- **MATERIAL PROVIDED**:
· · ·
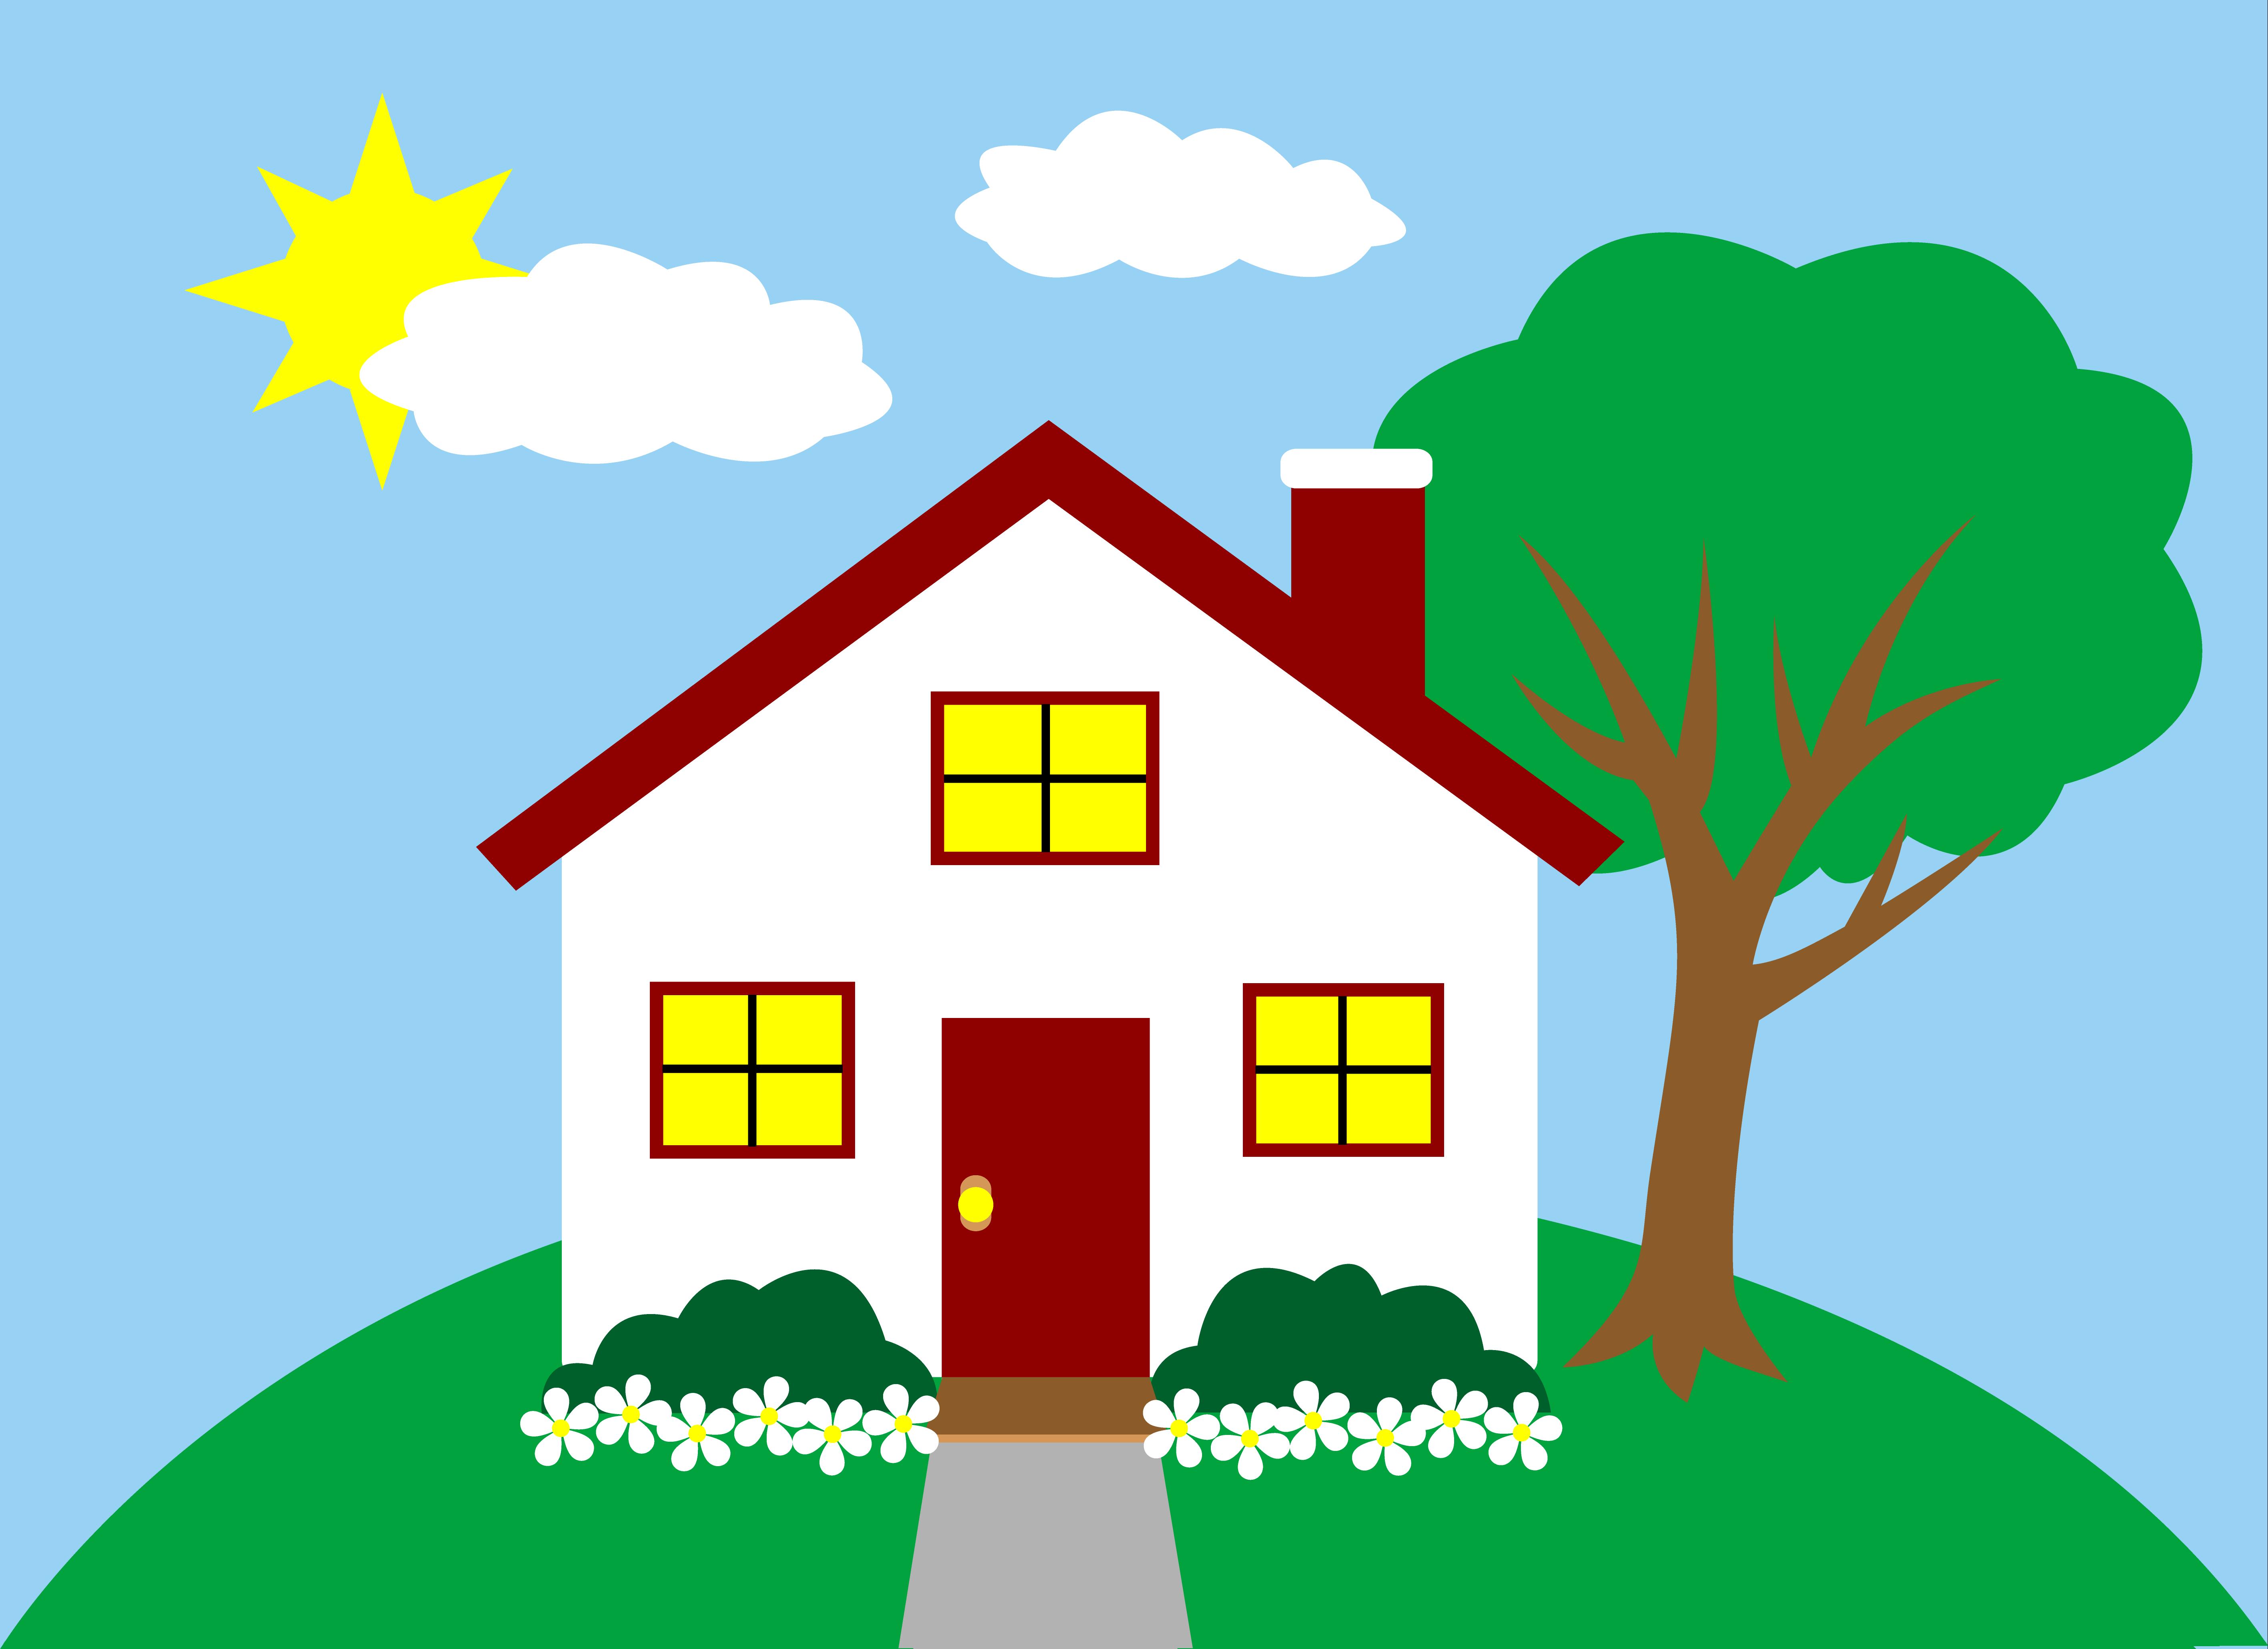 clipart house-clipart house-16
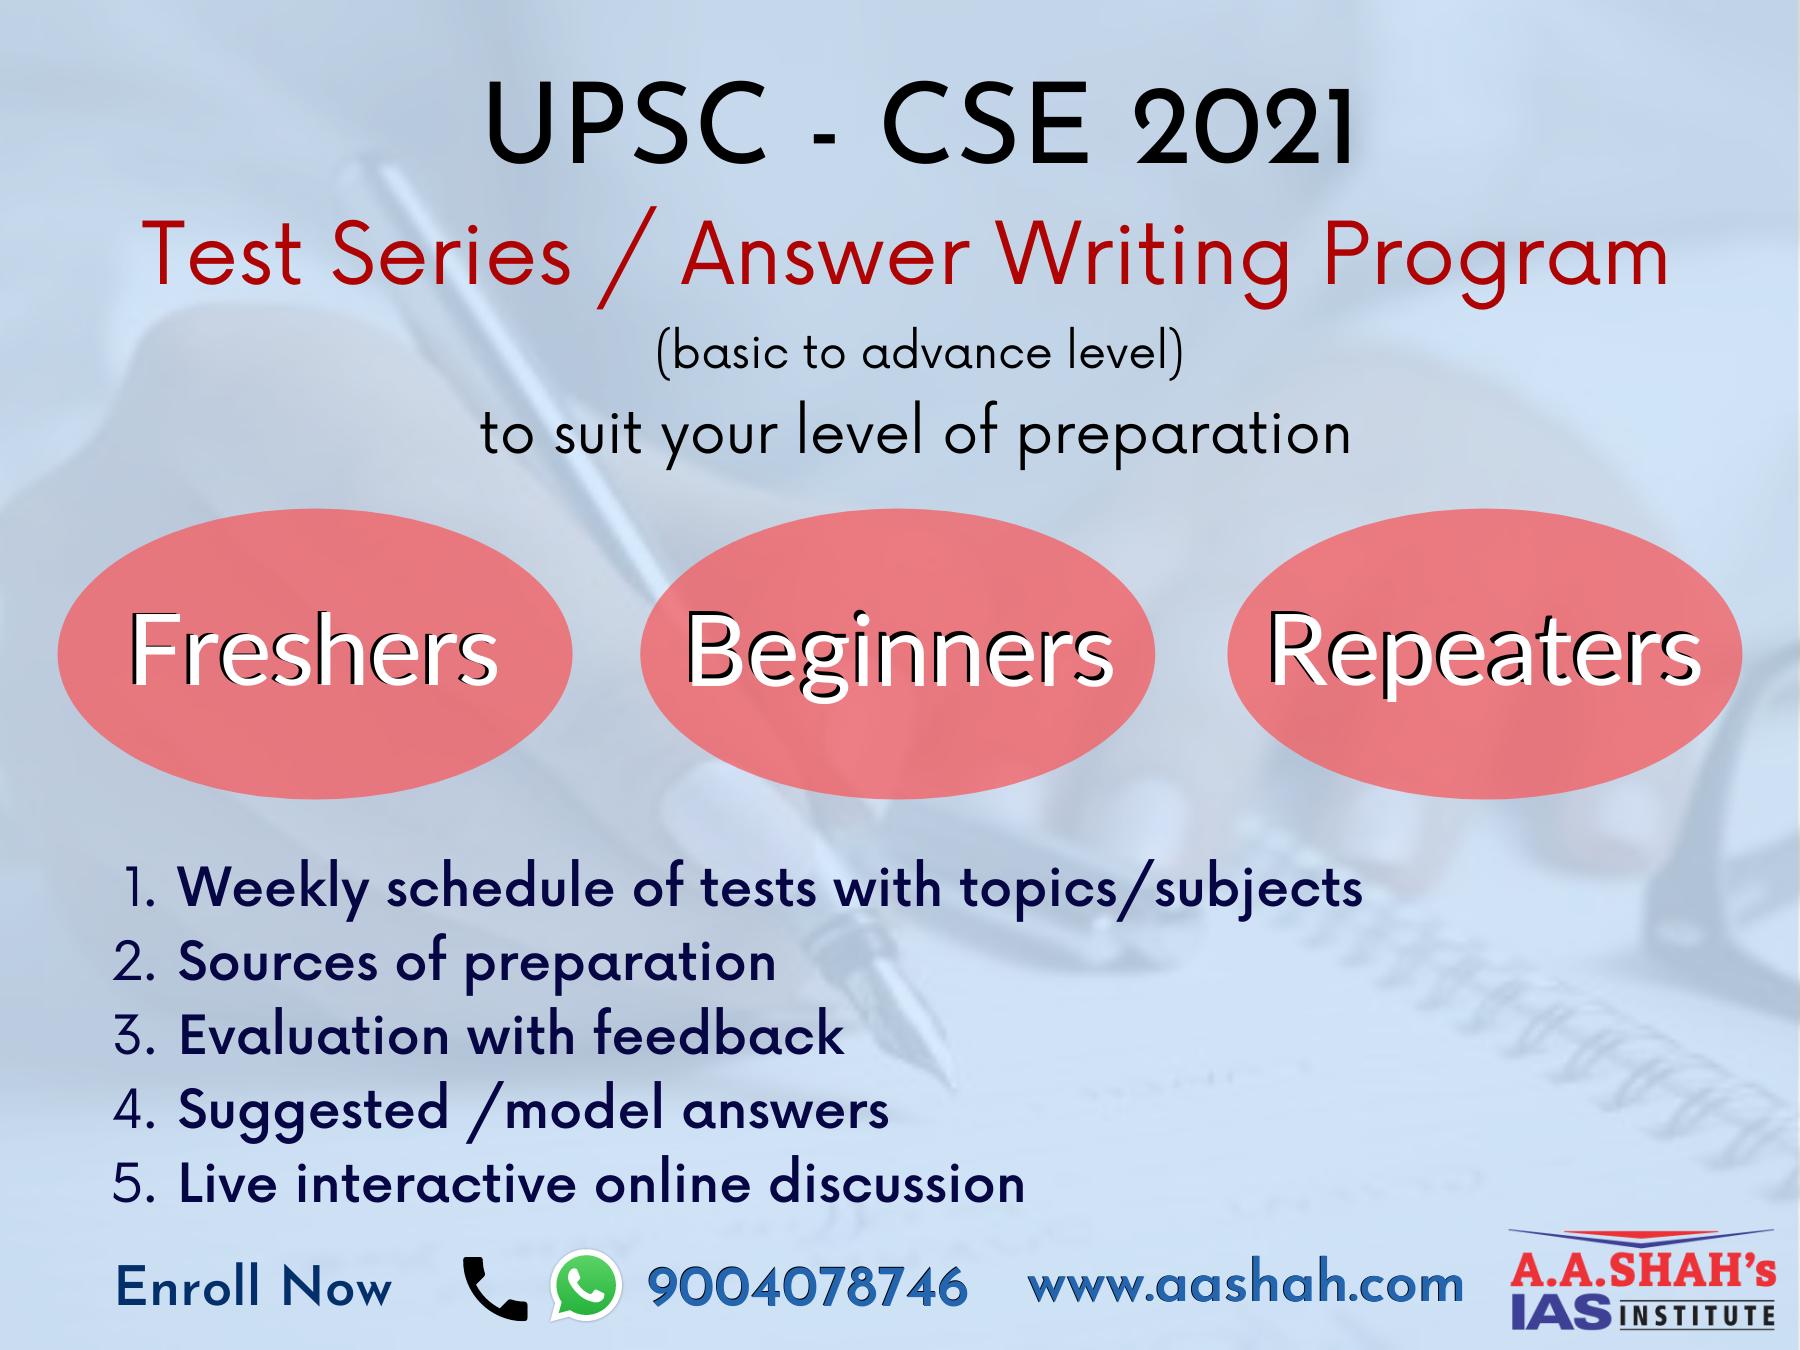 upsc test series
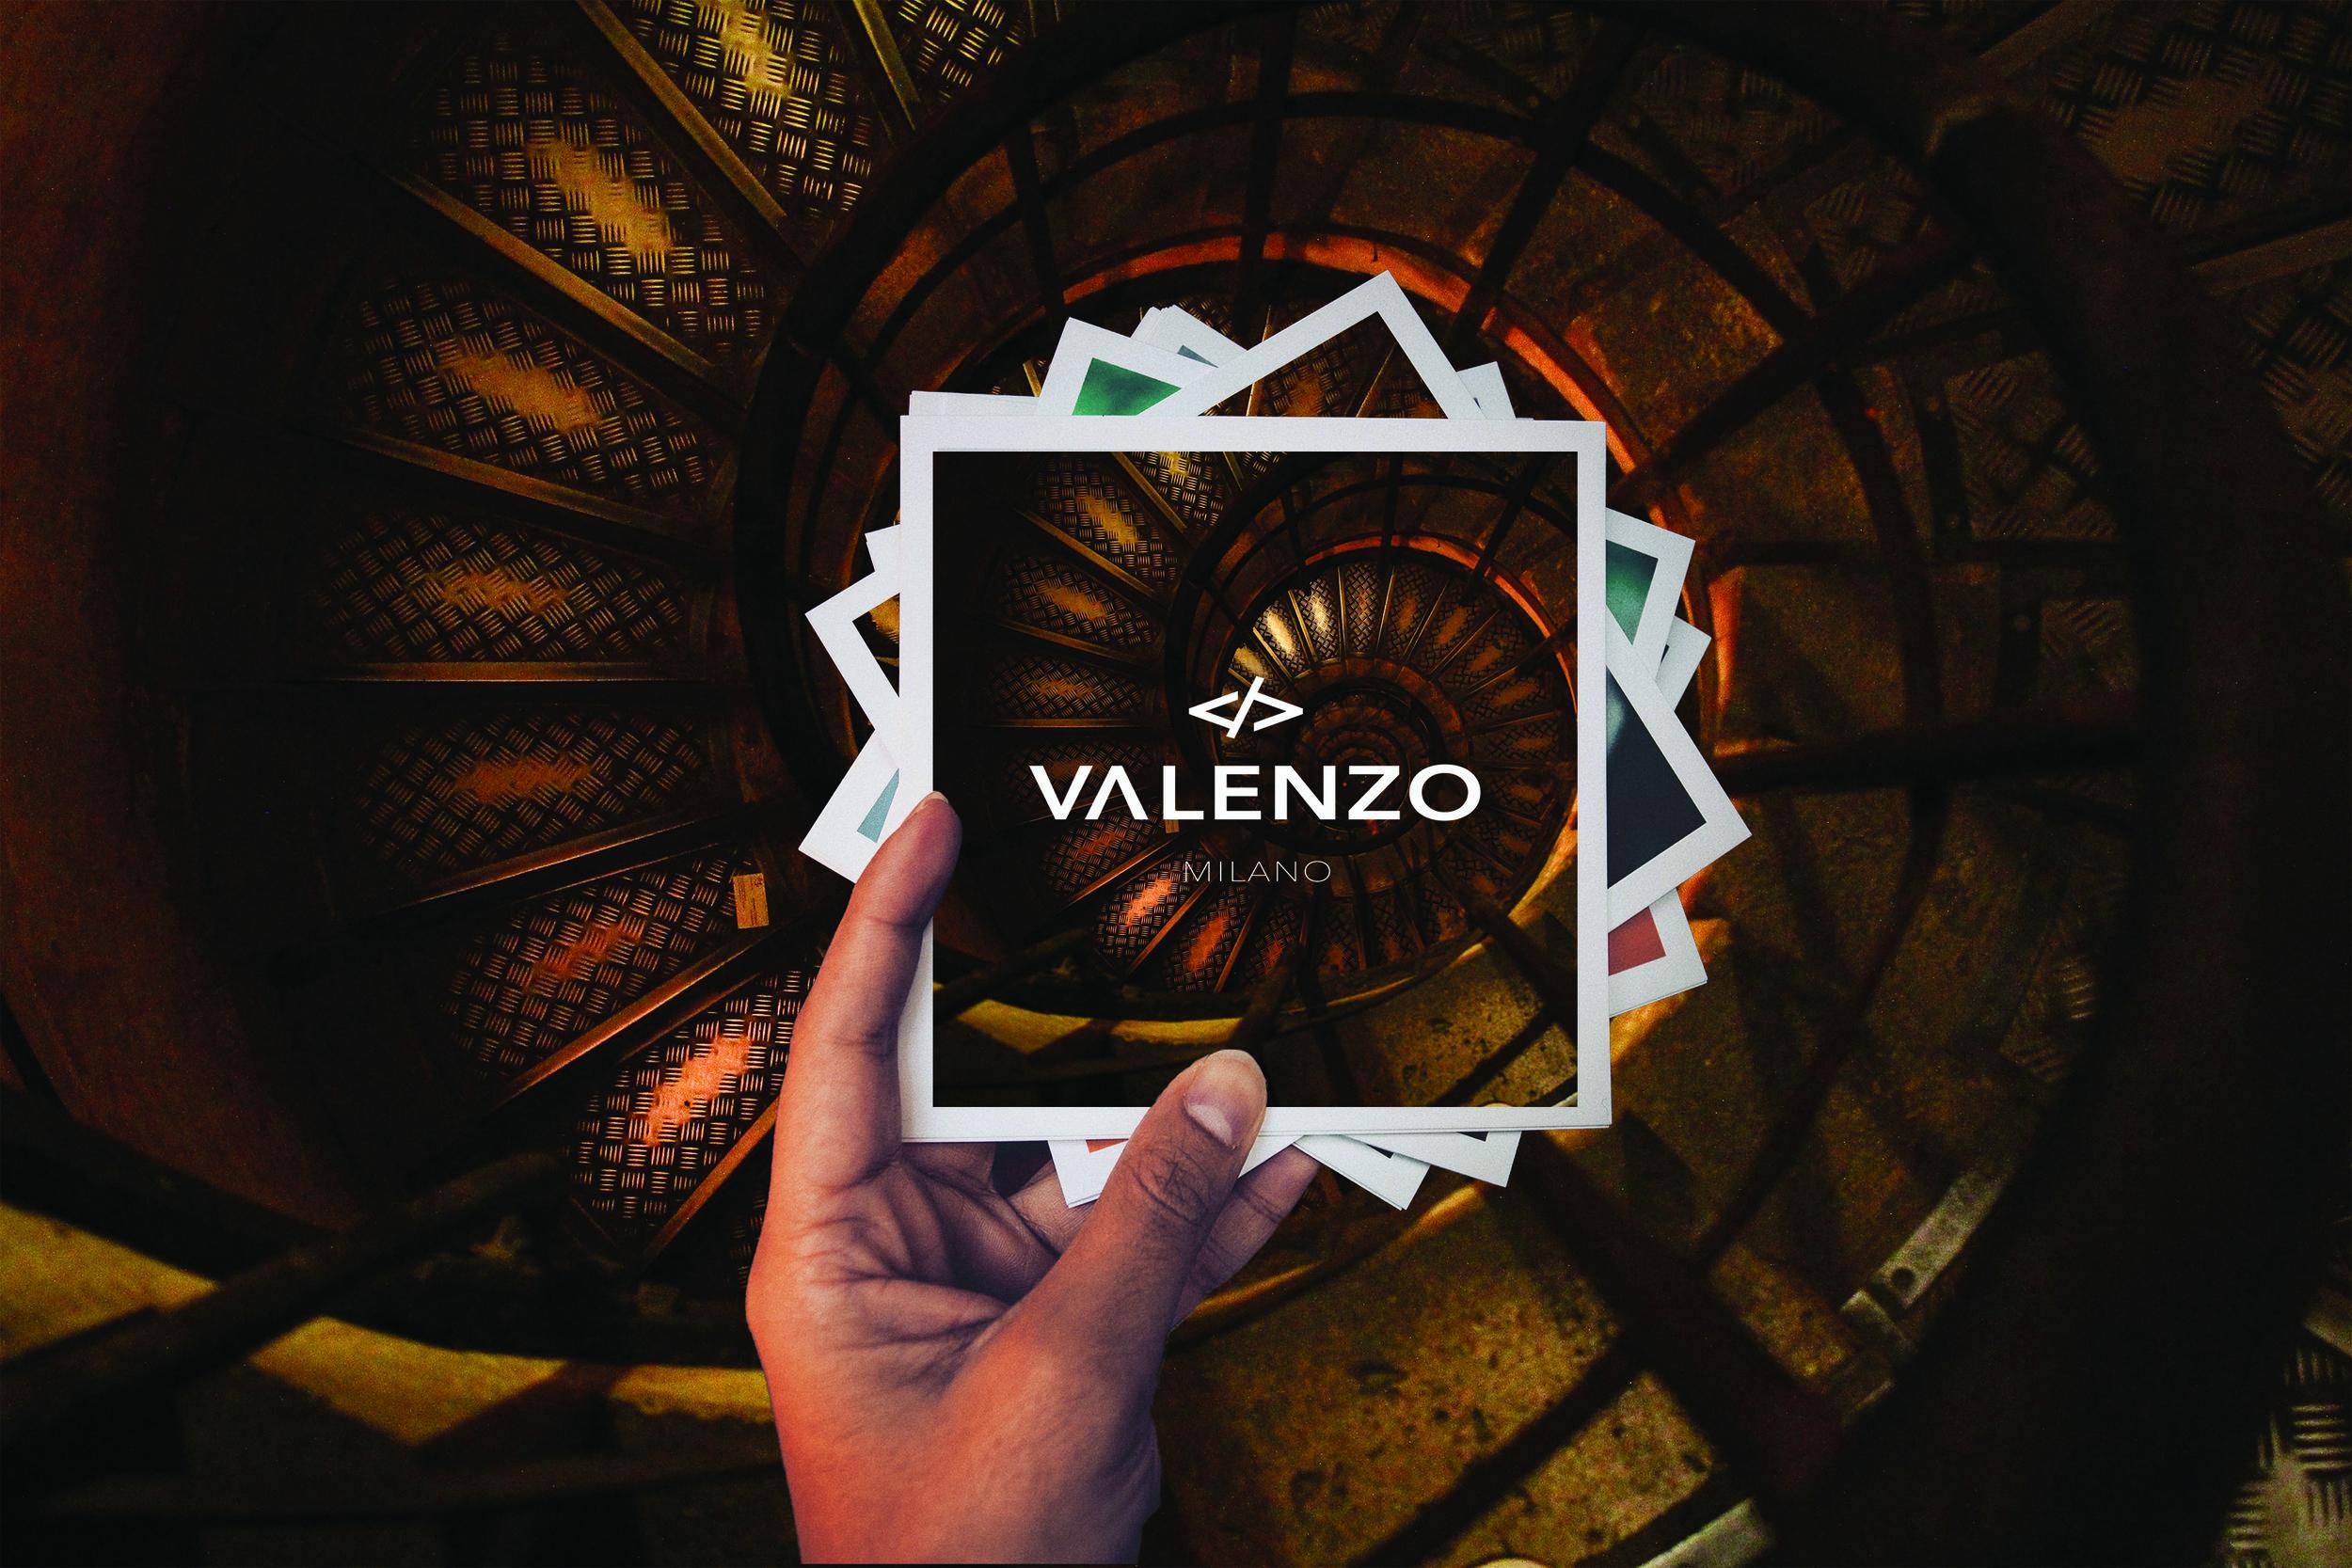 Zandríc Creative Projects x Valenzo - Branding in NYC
· · ·
- **TASK STATEMENT**:
Print the lines from the line with "upsc test series" to the end of the data above. Include both ends, exclude the pictures, and add nothing else.

- **REPLY TO THE EXERCISE**:
 upsc test series
 Zandríc Creative Projects x Valenzo - Branding in NYC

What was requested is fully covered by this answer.